On August 23, 2021, sub-Saharan African countries received about $23 billion of the $650 billion general allocation of special drawing rights (SDRs), the largest allocation of SDRs in the history of the IMF. The allocation is intended to help all IMF members—and particularly the most vulnerable ones—cope with the impact of the COVID-19 crisis. SDRs are being distributed to countries in proportion to their quota shares in the IMF, with sub-Saharan African emerging markets and low-income countries at $10 billion and $13 billion, respectively. The allocation is sizable for many countries relative to the size of their economy, for example, well above 5 percent of GDP for Burundi, Liberia, Sierra Leone, South Sudan, and Zambia. The region’s two largest economies, Nigeria and South Africa, account for one-third of the total SDR allocation.
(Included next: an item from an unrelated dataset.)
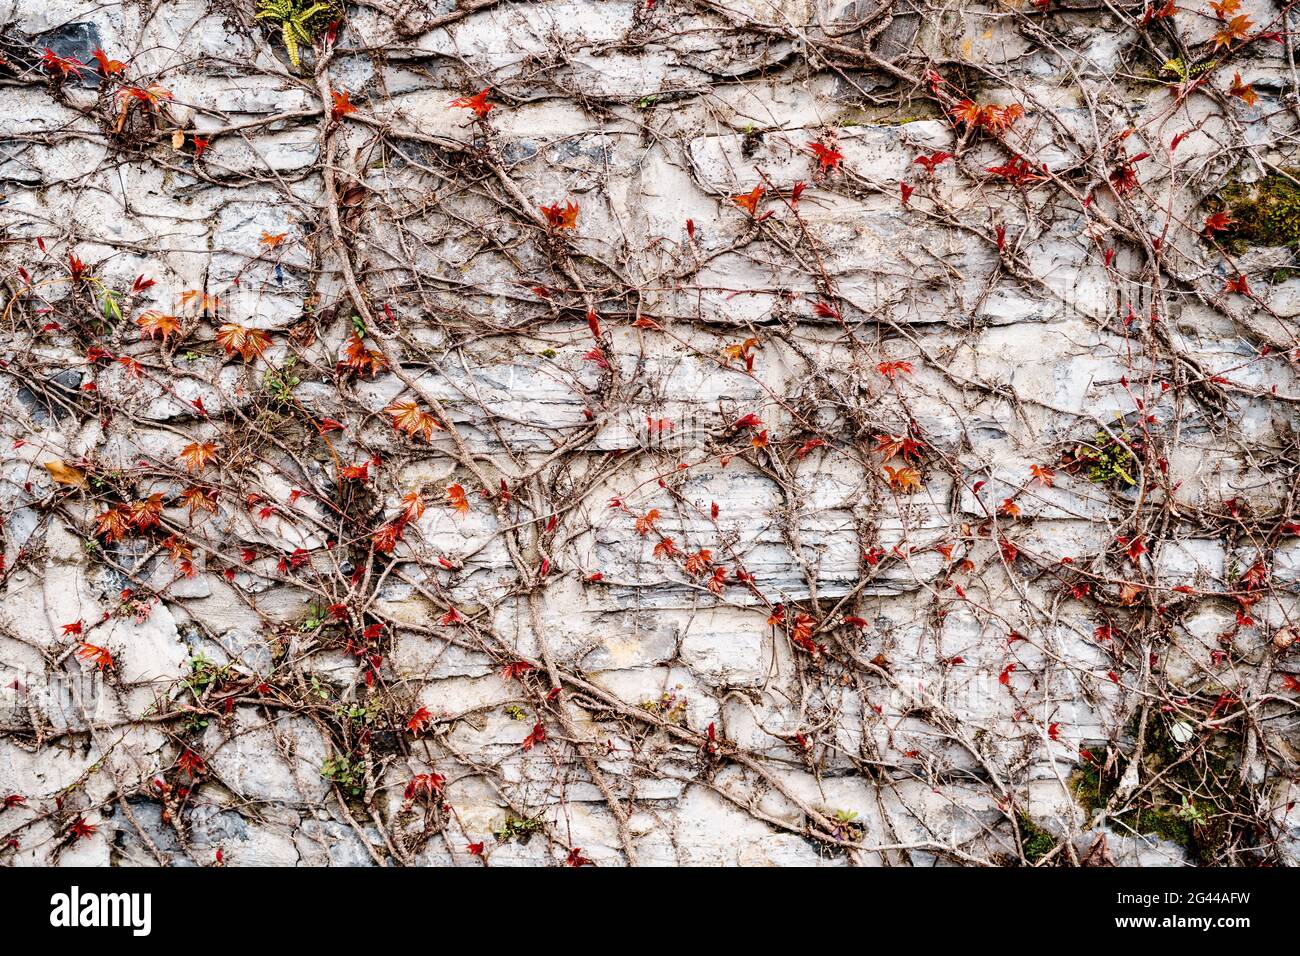 Rametti asciutti con piccole foglie rosse su una struttura di pietra grigia. Le piccole foglie rosse dell'uva da maiola fioriscono in primavera. Foto Stock
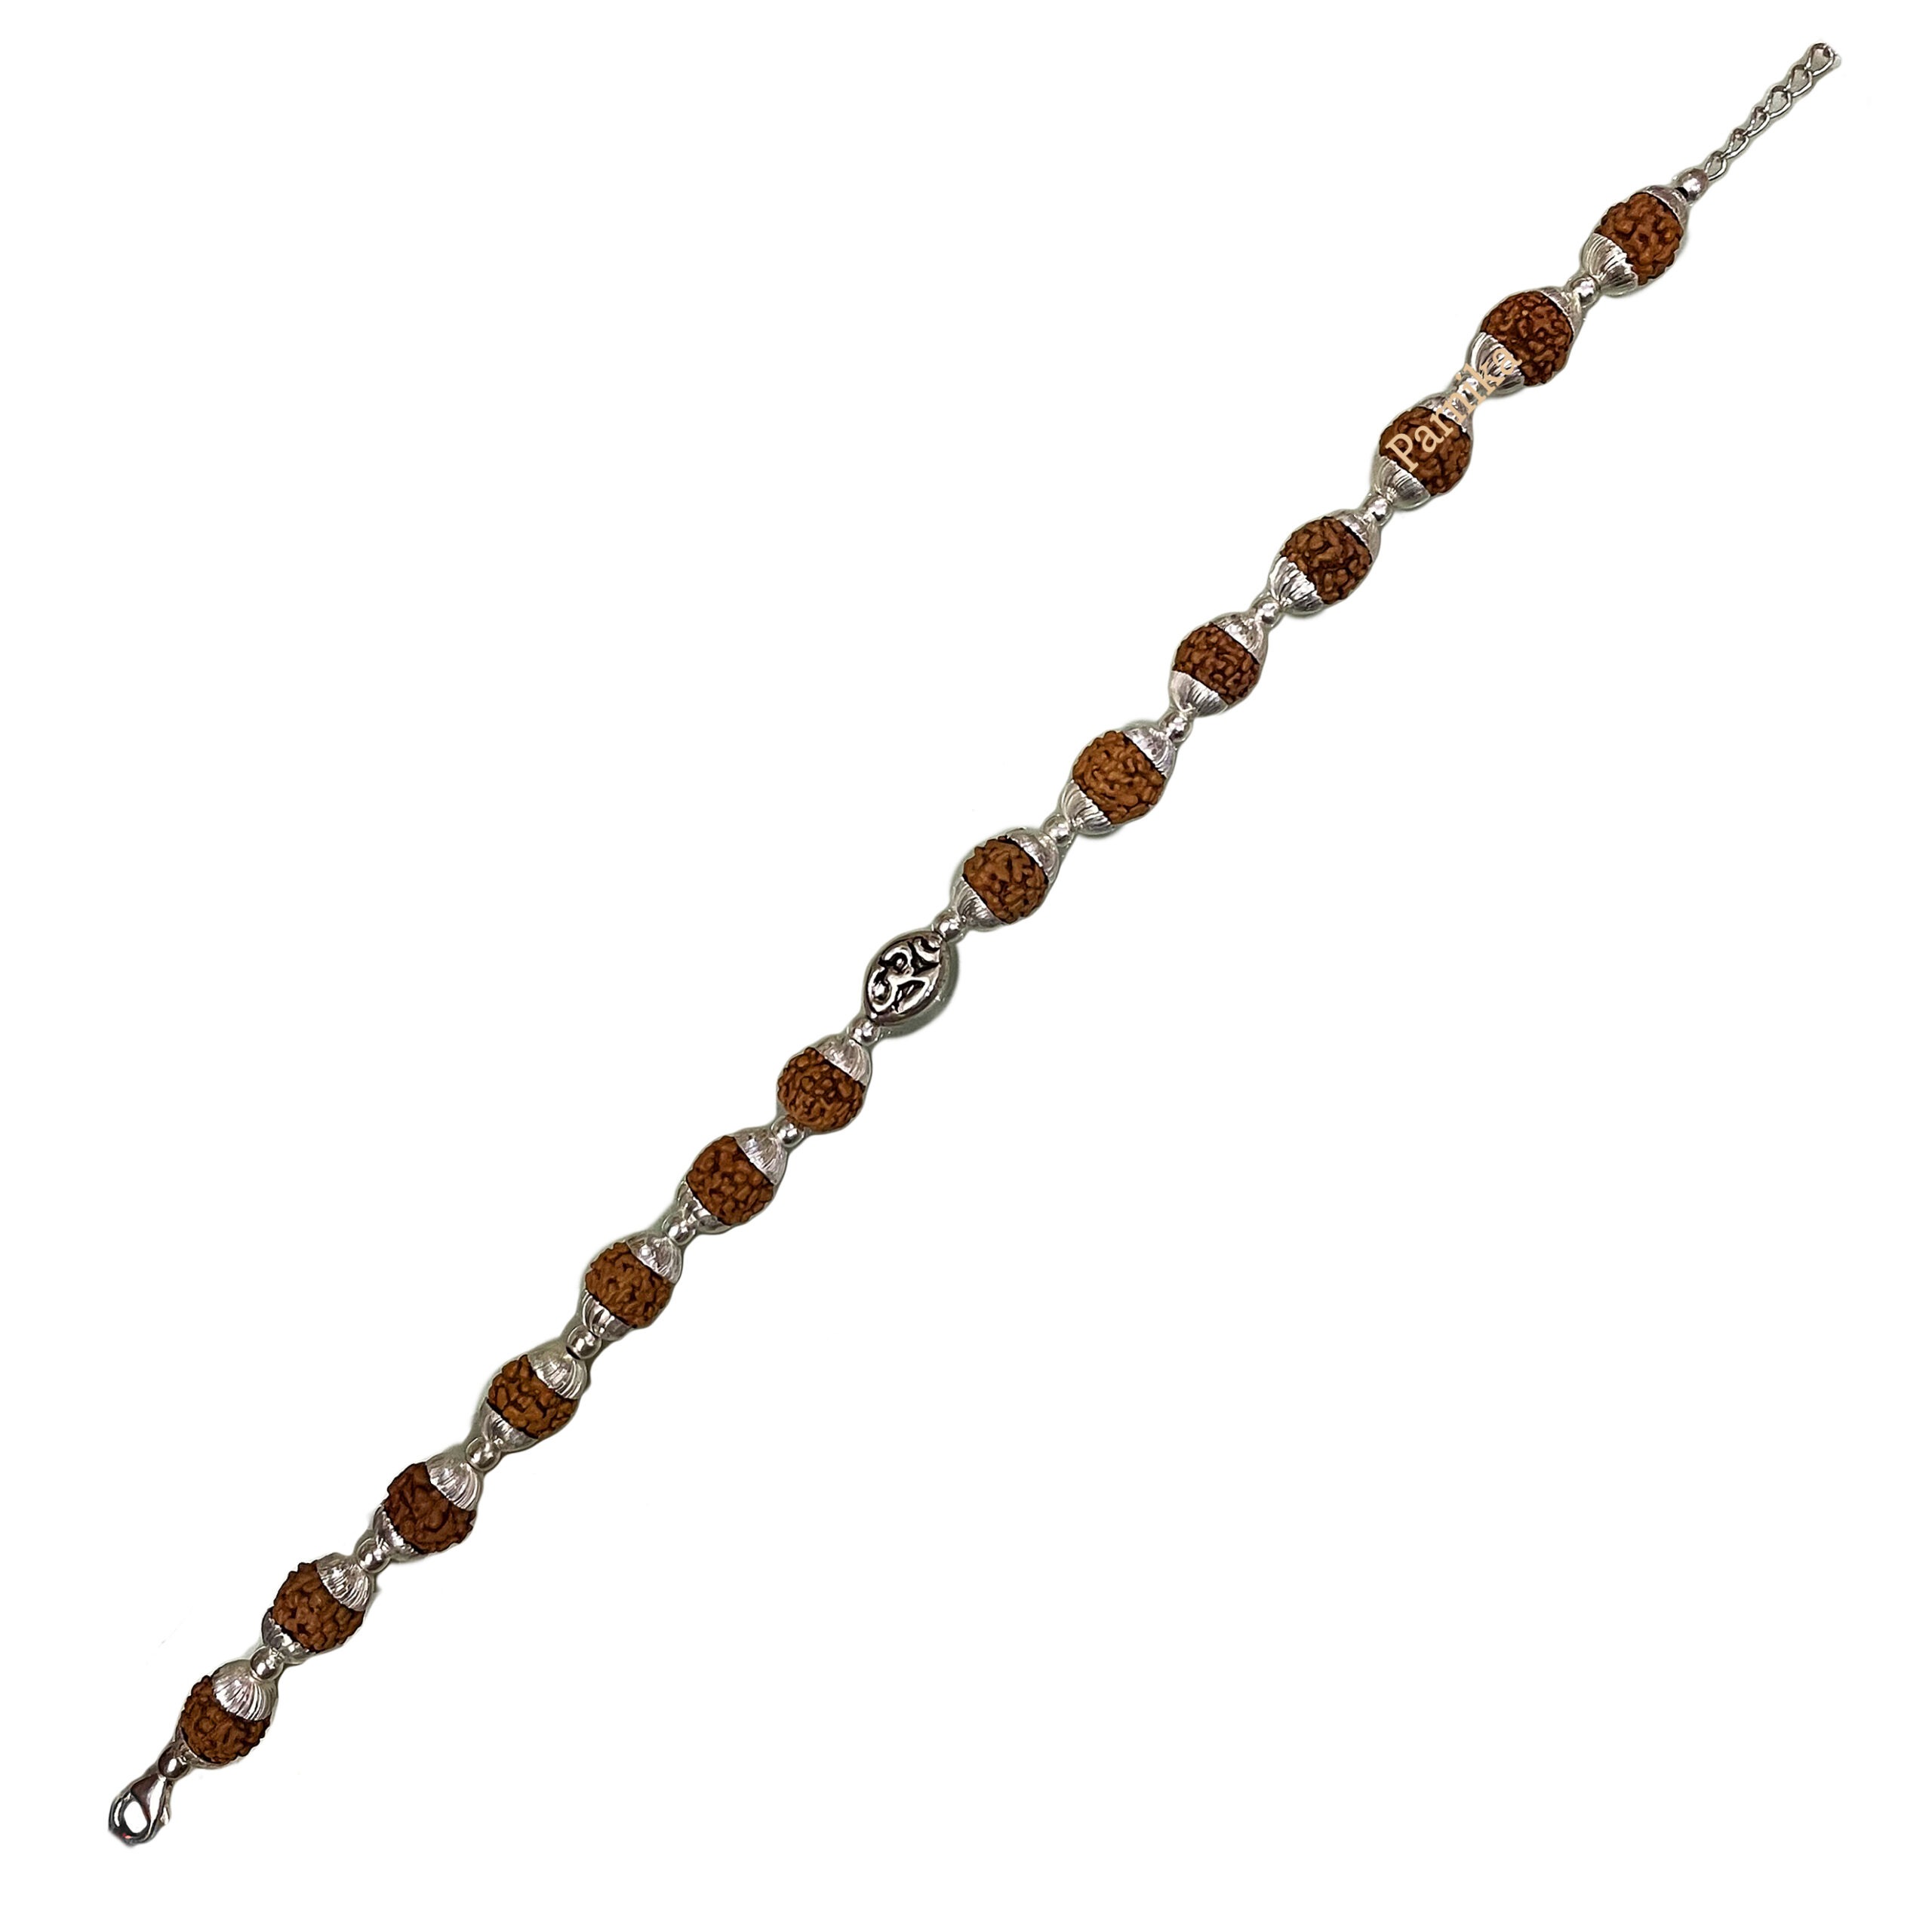 Rudraksha Combination Protection Bracelet Buy Online at Rudraksha -Gemstones.com

Because SDRs are unconditional reserve assets, their allocation provides additional liquidity to sub-Saharan African countries that face particularly difficult policy trade-offs because of higher vulnerability, lower capacity, and more limited policy space. As such, countries with reserves below adequate levels could use their allocated SDRs to rebuild reserves, maintain accommodative monetary policy to support economic recovery, or both. Countries could also use the SDR allocation to help finance public spending necessary to provide access to COVID-19 vaccines or other health care. Members are advised to use the SDR allocation in a manner consistent with macroeconomic sustainability and transparency, while not delaying needed macroeconomic adjustment, reforms, and debt restructuring.1

The SDR allocation could boost foreign exchange reserves in the region by about 25 percent (50 percent), excluding (including) outliers (South Sudan, Zambia, and Zimbabwe), on average (Figure 2.1.1). If sub-Saharan African countries choose to use the SDR allocation for budget support, for example, either to reduce the reliance on more expensive domestic or external debt or to create fiscal space, the SDR allocation could provide financing for about half of the region’s fiscal deficits or finance about one-third of the current account deficit, on average (Figures 2.1.2 and 2.1.3).

Figure 2.1
Figure 2.1

Sub-Saharan Africa: Impact of SDR Allocation on Reserves, Fiscal Balance and Current Account, 2021

Sources: IMF, World Economic Outlook database; IMF Finance Department database; and IMF staff calculations. ¹ Excludes CEMAC and WAEMU member countries.Note: CEMAC = Central African Economic and Monetary Community; WAEMU = West African Economic and Monetary Union.
This box was prepared by Mai Farid. 1 For more details, see International Monetary Fund. 2021. “Guidance Note for Fund Staff on the Treatment and Use of SDR Allocations.” IMF Policy Paper 2021/059, Washington, DC.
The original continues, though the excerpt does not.